Excerpted records ->
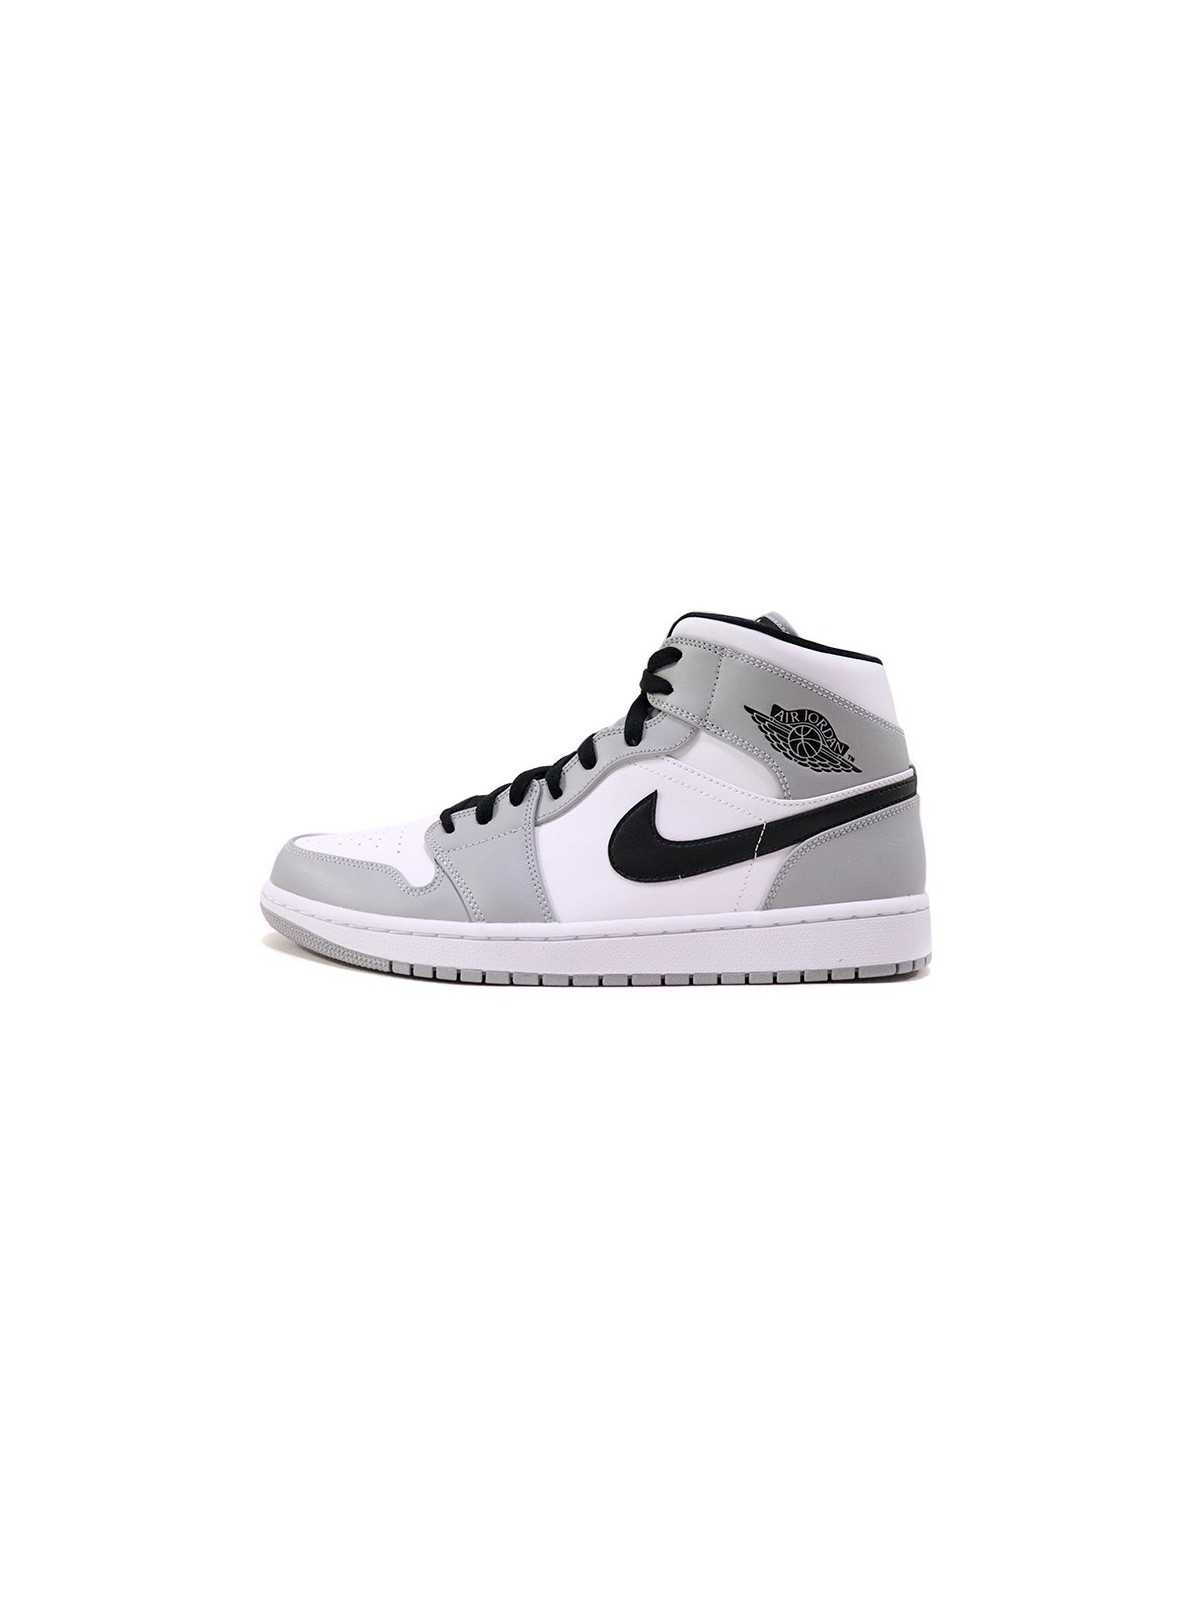 Nike Air Jordan 1 MId Grey
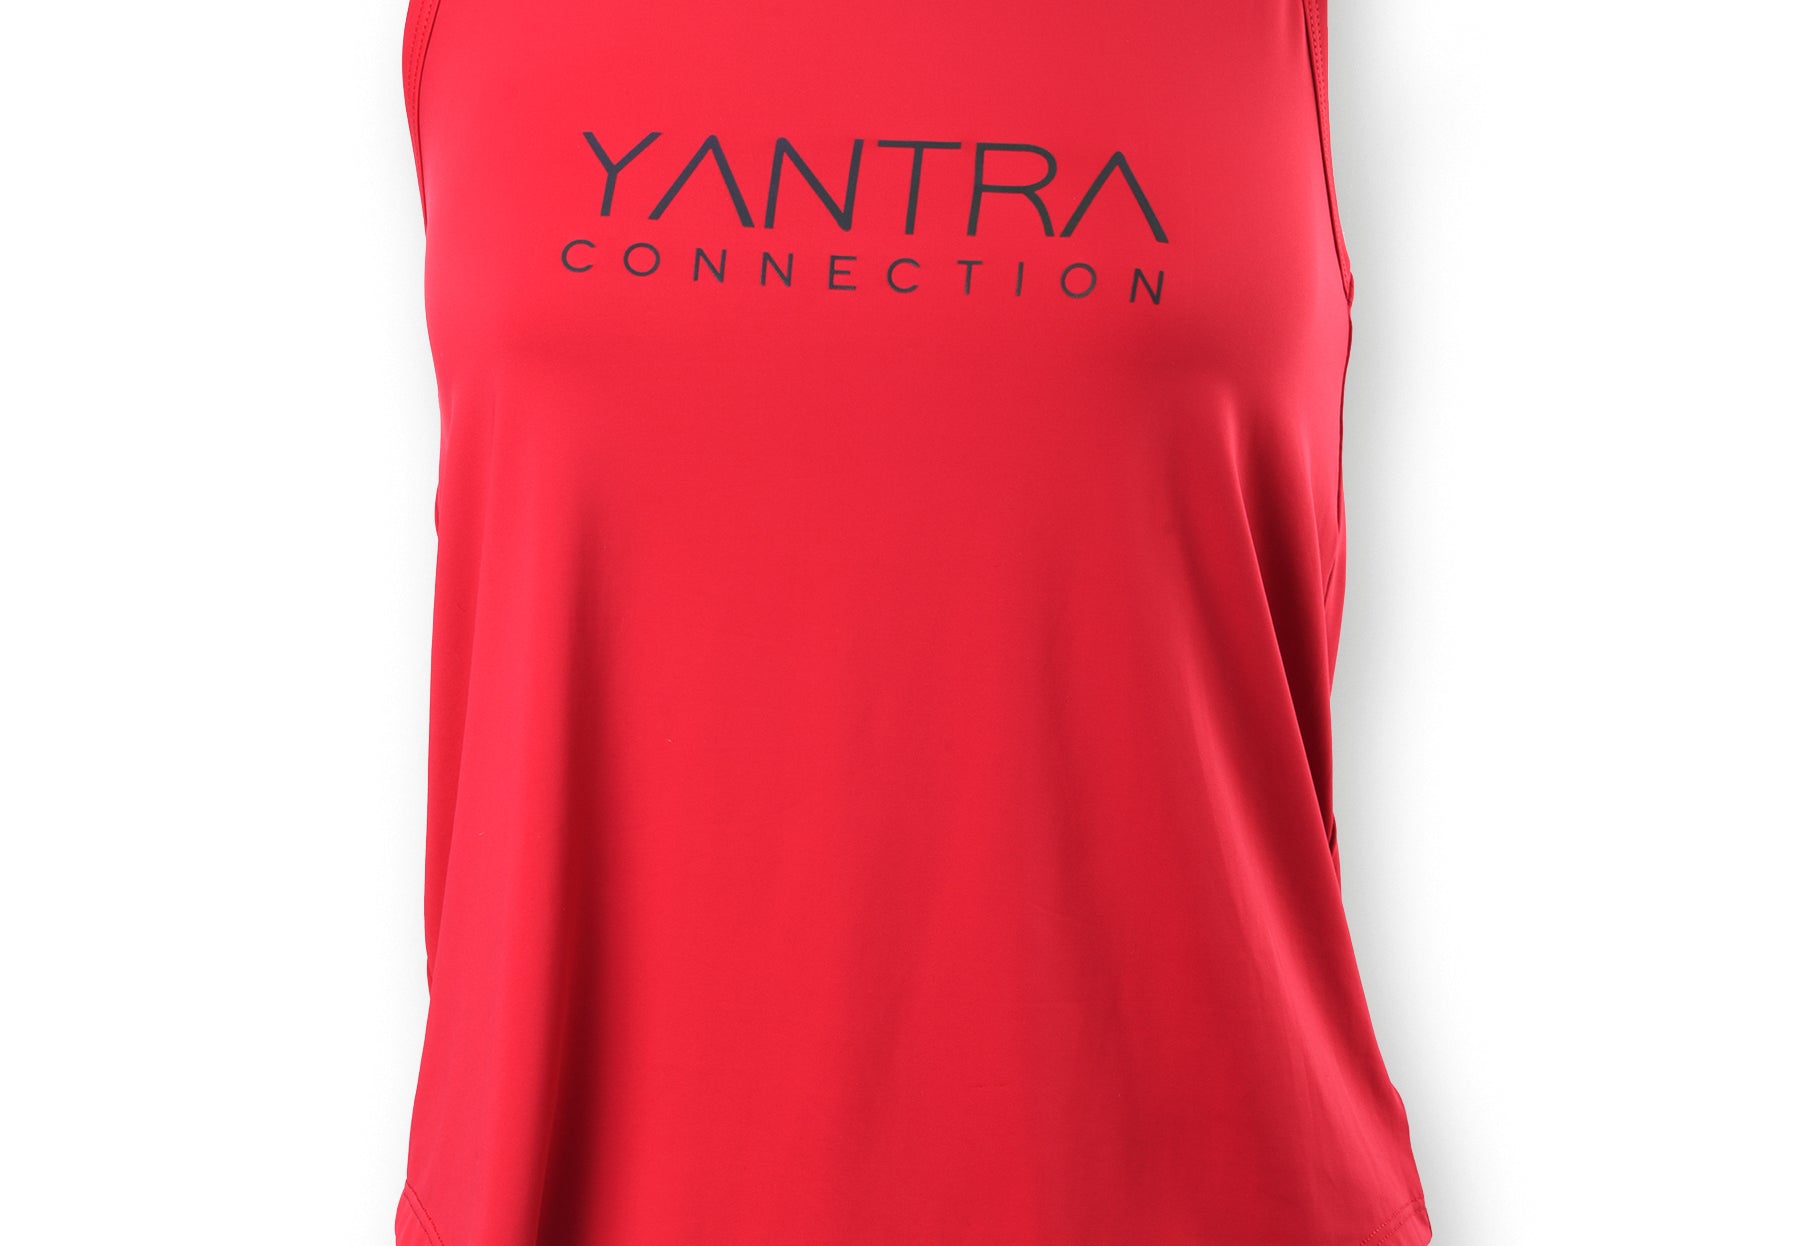 ELITE T-shirt - YantraConnection
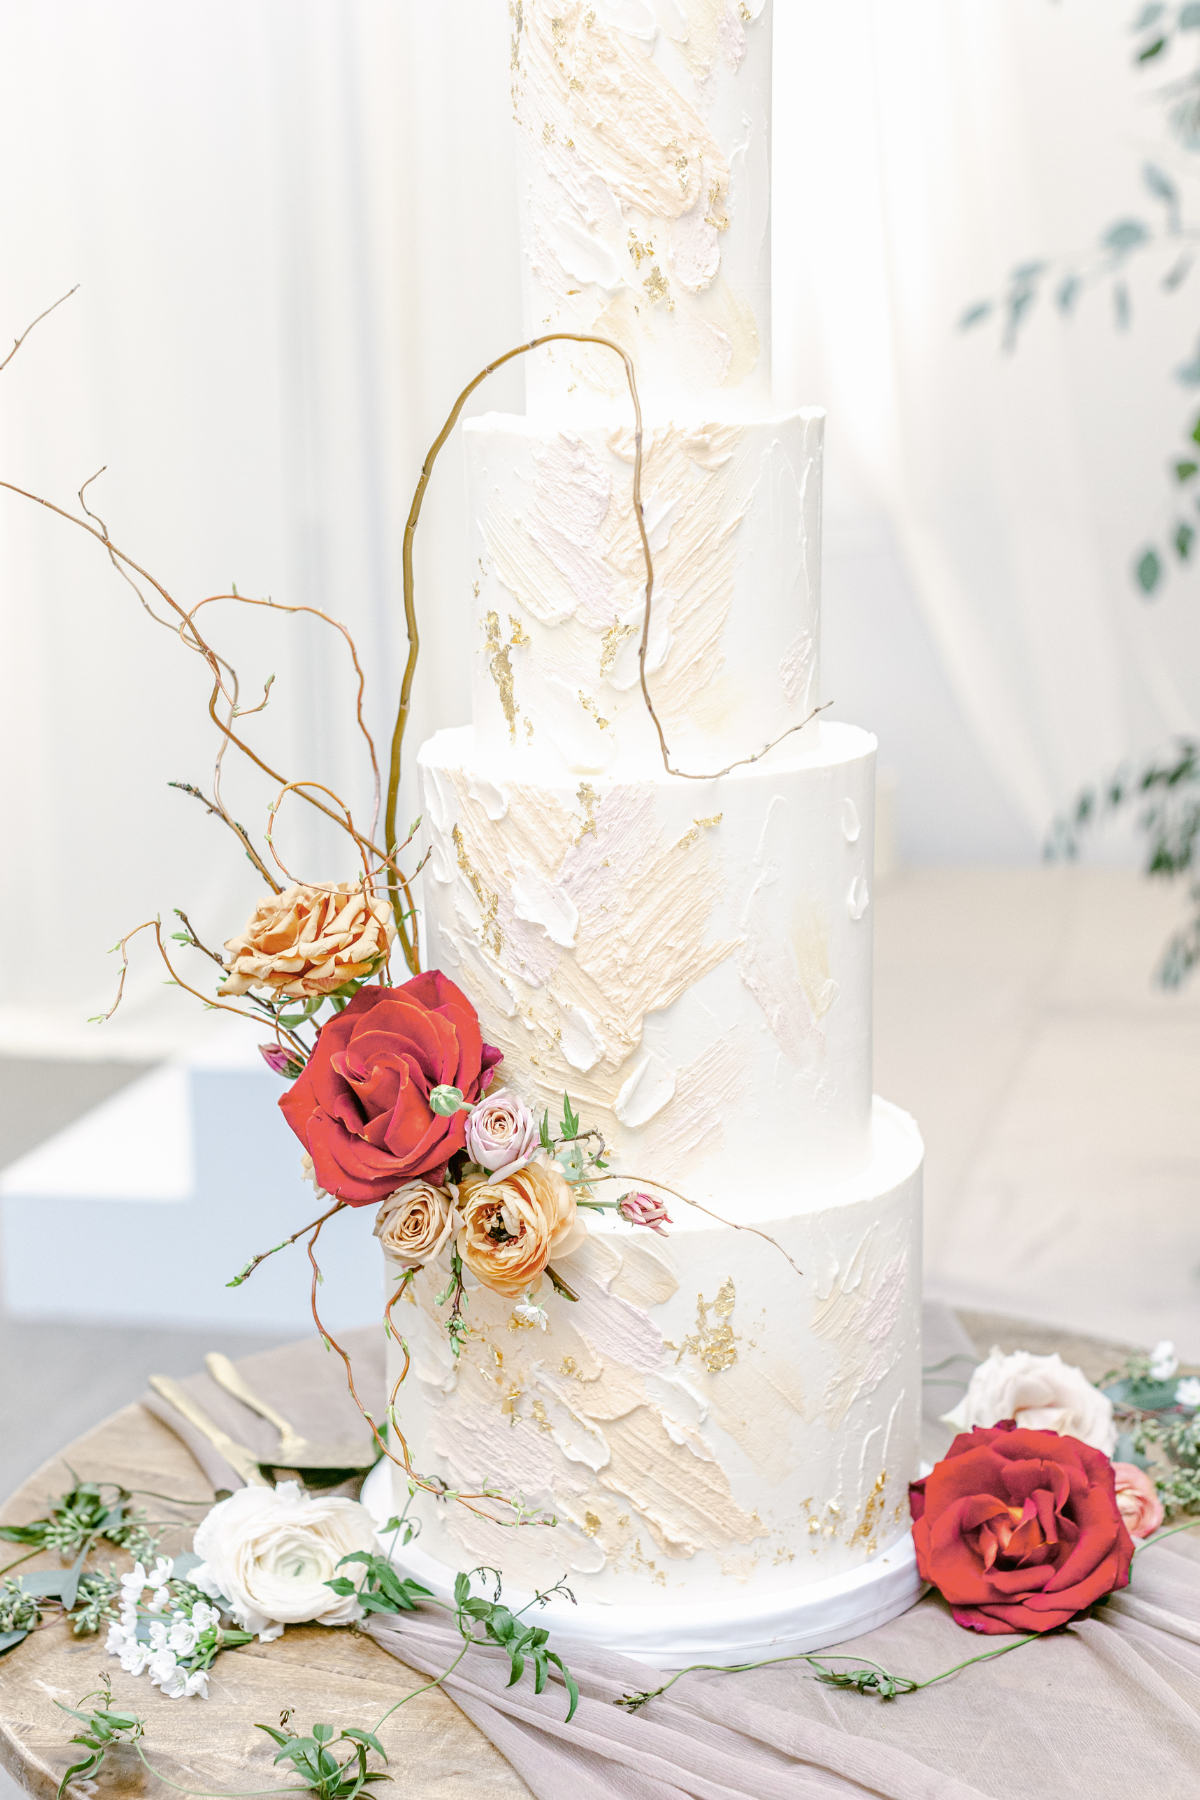 kavita-mohan-ivory-gold-orange-wedding-reception-cake-roses-willow
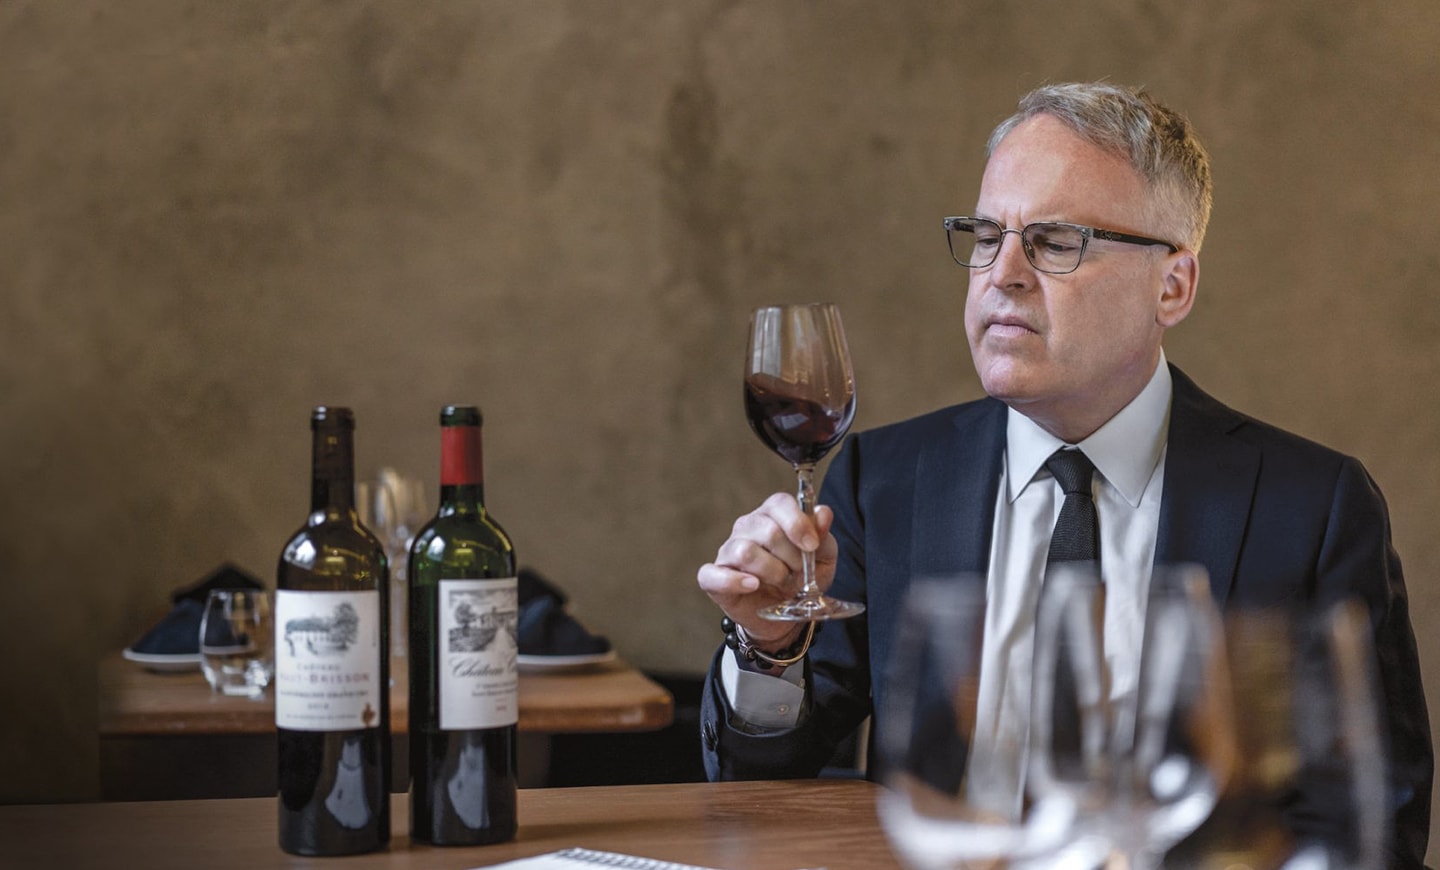 James Suckling hält ein Glas Wein, während vor ihm zwei Weinflaschen auf dem Tisch stehen.
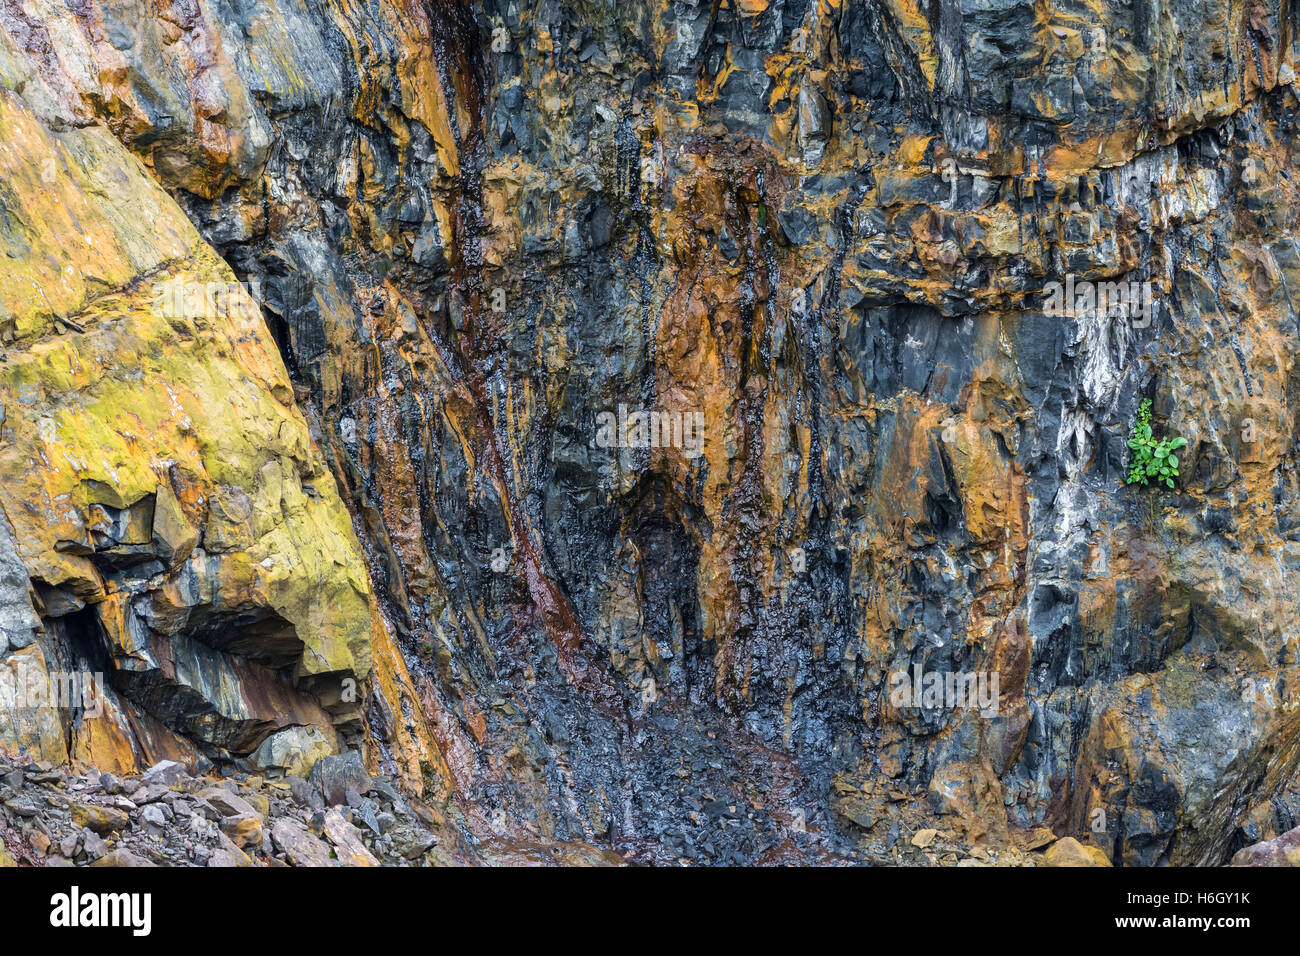 Dunkle farbige Rohöl Nässen von Felsen in einem Tagebau-Ölsand mine. Ecuador, Südamerika. Stockfoto

Exercise brief -> Could you give again precisely the lines from the one containing "ELITE T-shirt - YantraConnection" through the final line of the material above, both included, and no others, dropping the pictures?

Answer section ->
 ELITE T-shirt - YantraConnection
 kavita-mohan-ivory-gold-orange-wedding-reception-cake-roses-willow
 James Suckling hält ein Glas Wein, während vor ihm zwei Weinflaschen auf dem Tisch stehen.
 Dunkle farbige Rohöl Nässen von Felsen in einem Tagebau-Ölsand mine. Ecuador, Südamerika. Stockfoto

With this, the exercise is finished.